Data Science Bowl 2017

Description

This code is for training a 3D Convolutional Neural Network on the LUNA16 dataset in order to detect malignant nodules. I am hopeful that this can be used as the first step towards solving the DSB 2017 challenge.

What it does

As given, the code does not make predictions on the DSB dataset provided by Kaggle. What it does do is build a model to predict the probability that a 64mm x 64mm x 64mm chunk of tissue contains a malignant nodule. The model is trained on the LUNA16 dataset, which includes labels that identify nodule locations in 3D space. The DSB dataset on the other hand, comes with binary labels and is not suitable for training such a model (using LUNA16 data is allowed per the contest rules).

During data preparation, the images are converted to 3D data and segmented to eliminate non-lung tissue. The segmentation algorithm used is rather simplistic and in fact fails in about 10% of the cases. The entire image is used when a segmentation failure is detected.

During training, chunks are extracted based on the coordinates given in annotations_excluded.csv (this has both positive and negative locations). Dimension shuffling is used randomly to augment the training set.
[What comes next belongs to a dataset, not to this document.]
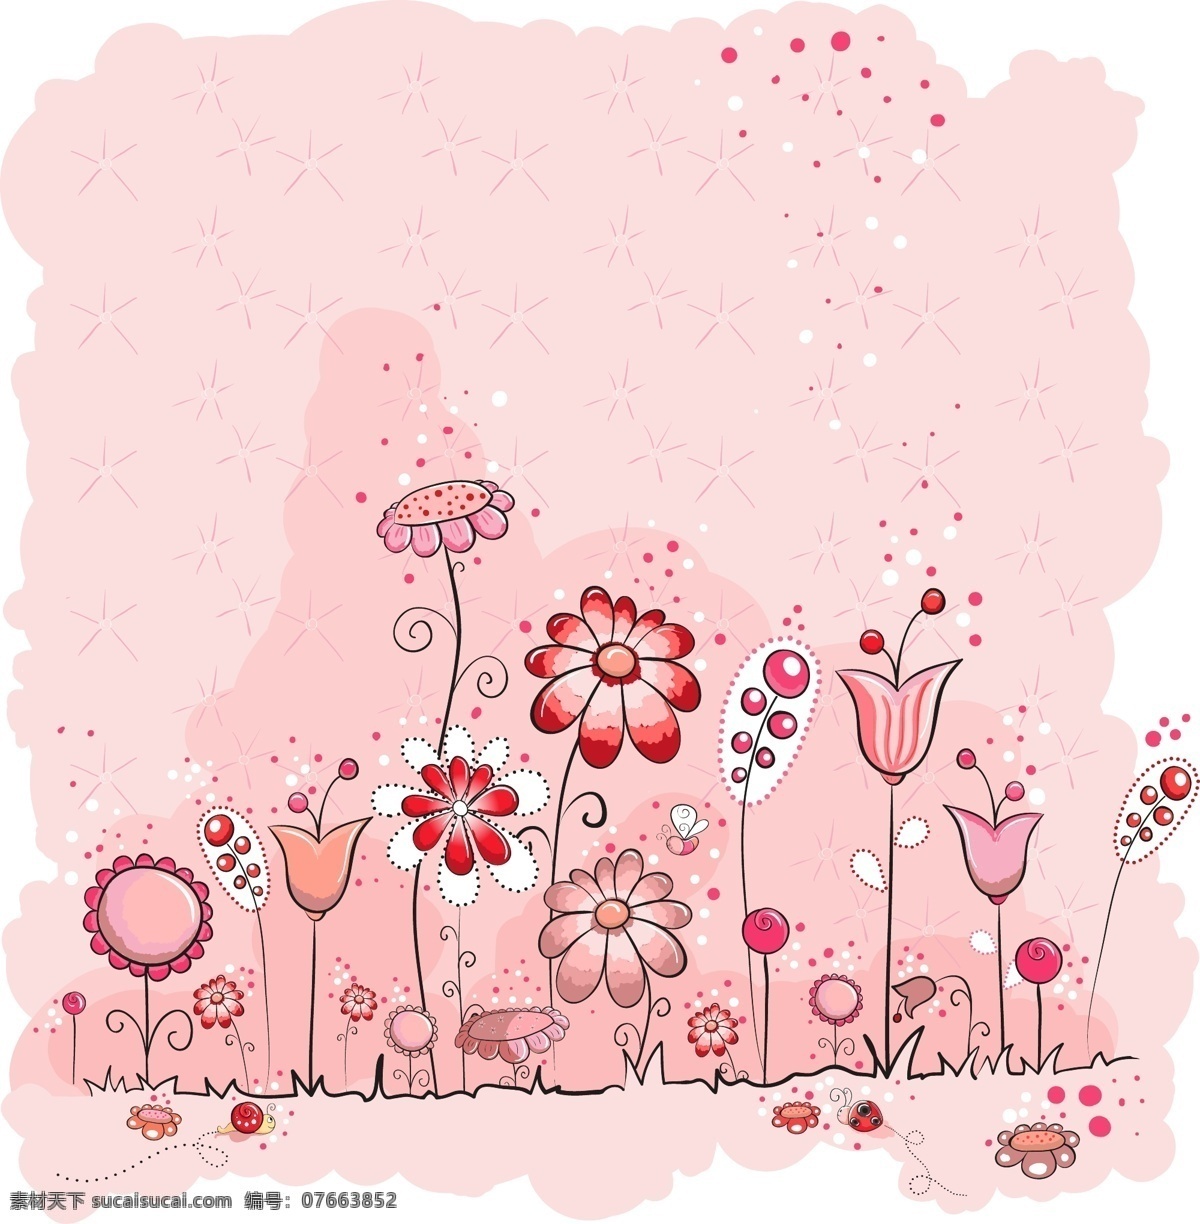 粉色 风格 孩子 卡 矢量图 粉红 花 向量卡 名片卡 广告设计名片

To minimize overfitting further, some amount of jitter is applied to the coordinates.

Here's a visualization of the first eight chunks extracted from the first sample in the training set (it is quite easy to spot the nodule).

The chunks can be downloaded in video form from the visuals directory. The file train-vid.avi contains the entire 3D sample from which the above chunks were obtained. Since this is a positive sample, all of the chunks derived from it are assigned a label of 1. A label of 0 is assigned to all chunks extracted from negative samples. 80% of the training set is thus used to train the network to perform a binary classification. The model is validated on the rest of the data and a log loss of 0.3080 is observed after six epochs of training.

Where to go from here

Once you have trained a model by following the recipe given in the Usage section below, there are a couple of possible ways to proceed with the DSB challenge.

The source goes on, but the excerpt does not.